**** Data for processing

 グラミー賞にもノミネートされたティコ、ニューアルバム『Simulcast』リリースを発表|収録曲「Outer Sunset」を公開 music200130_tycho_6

********
**** Data for processing

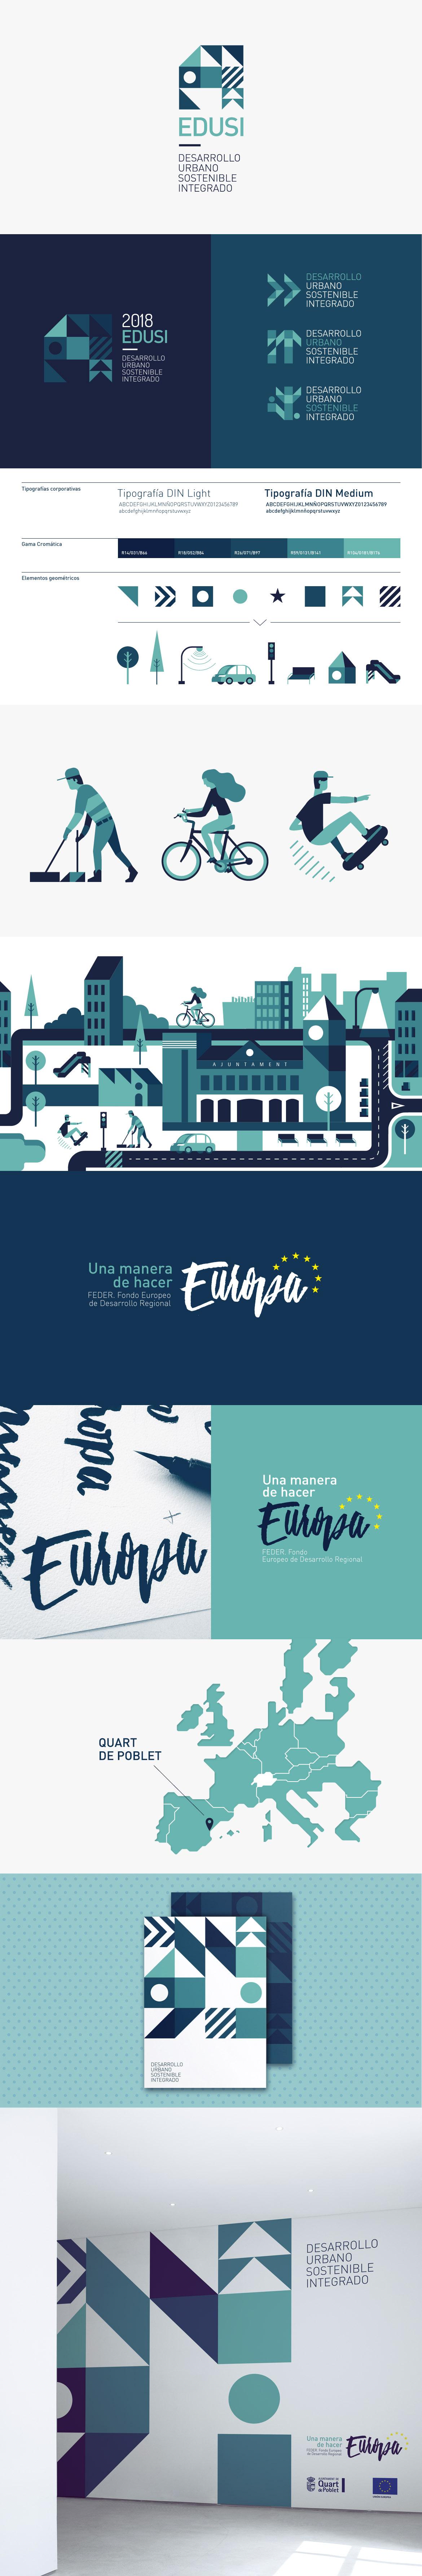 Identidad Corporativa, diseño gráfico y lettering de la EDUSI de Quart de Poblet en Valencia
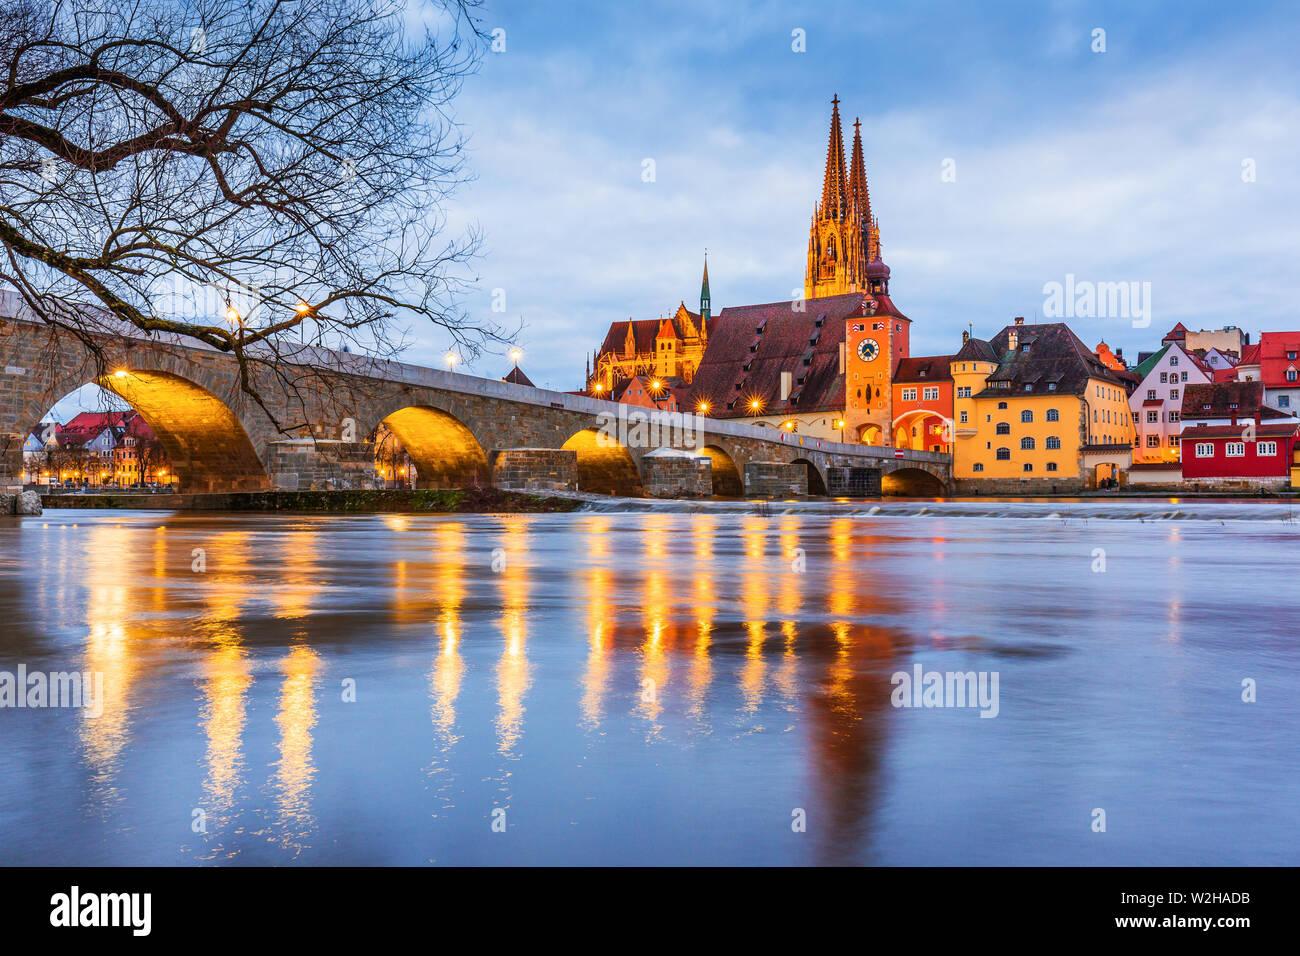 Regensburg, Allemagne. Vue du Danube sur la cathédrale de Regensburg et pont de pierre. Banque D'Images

********
**** Data for processing

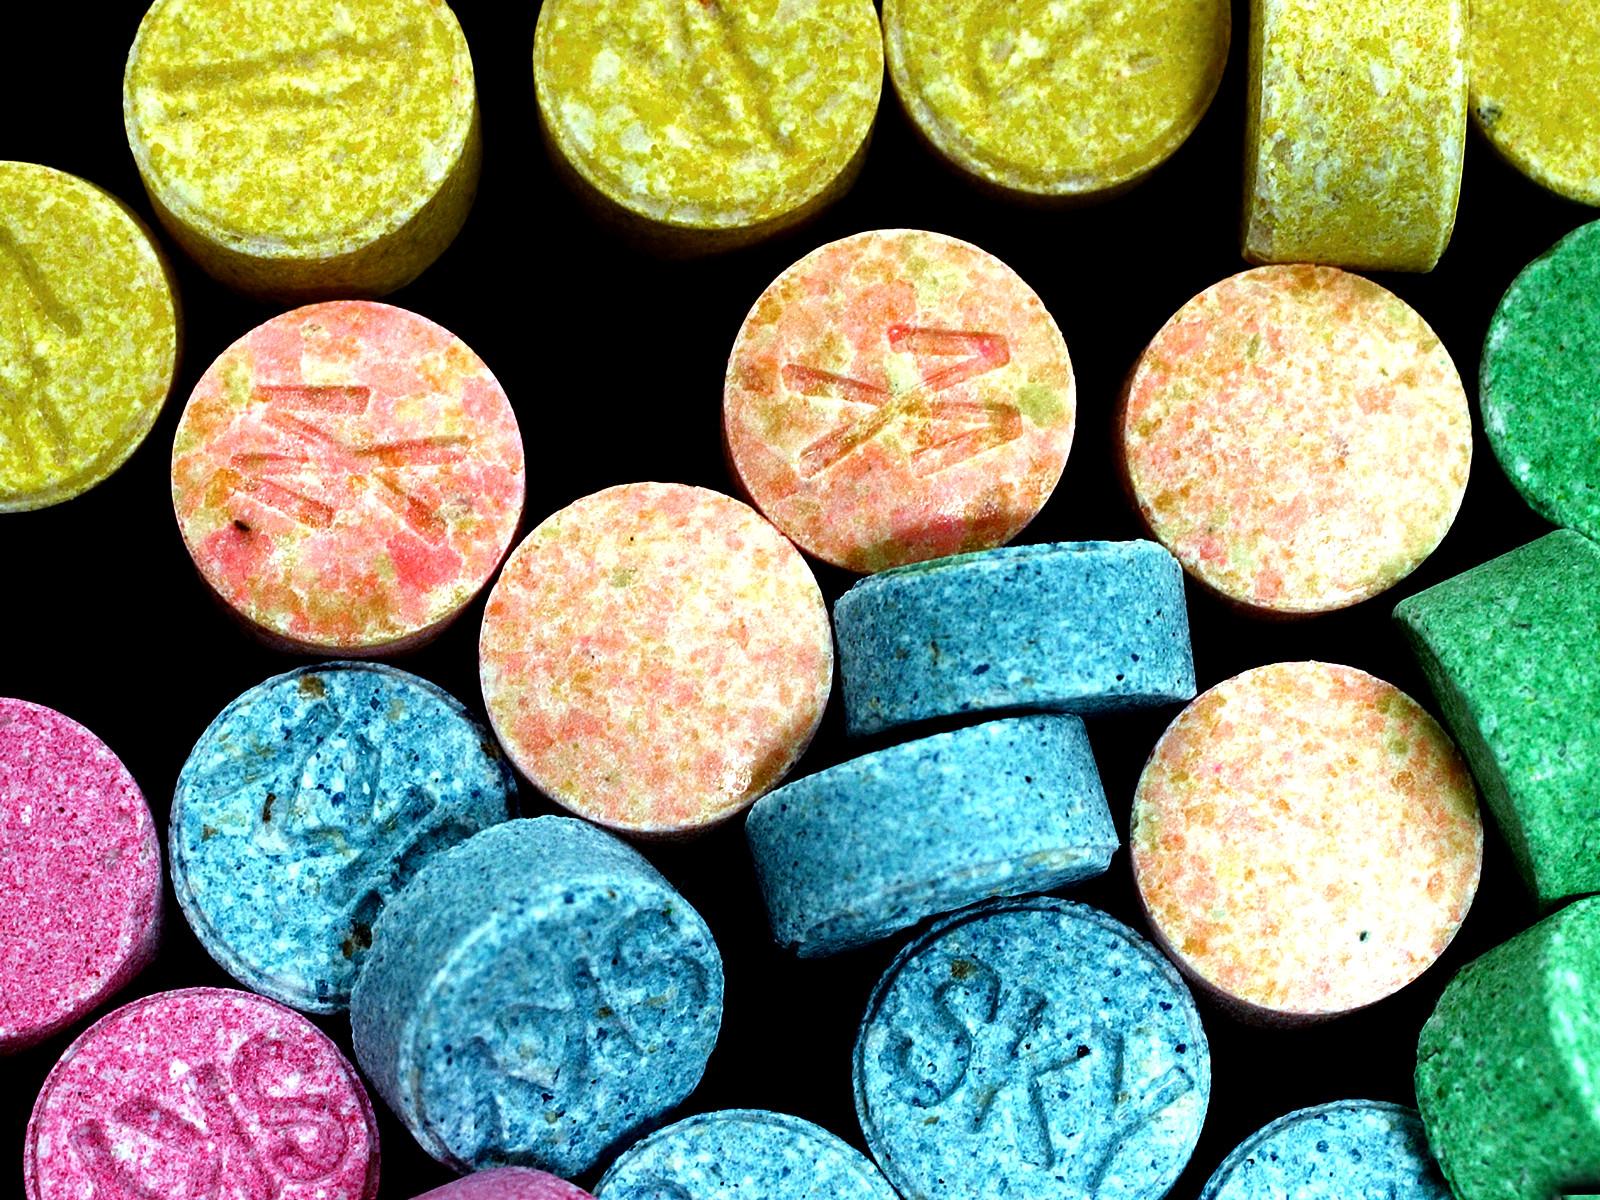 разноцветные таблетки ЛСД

********

Your assignment:
Once the line with "Identidad Corporativa, diseño" is found above, print it and every line after it through the line with "Regensburg, Allemagne. Vue", exactly. Pictures stay out.

Output:
 Identidad Corporativa, diseño gráfico y lettering de la EDUSI de Quart de Poblet en Valencia
 Regensburg, Allemagne. Vue du Danube sur la cathédrale de Regensburg et pont de pierre. Banque D'Images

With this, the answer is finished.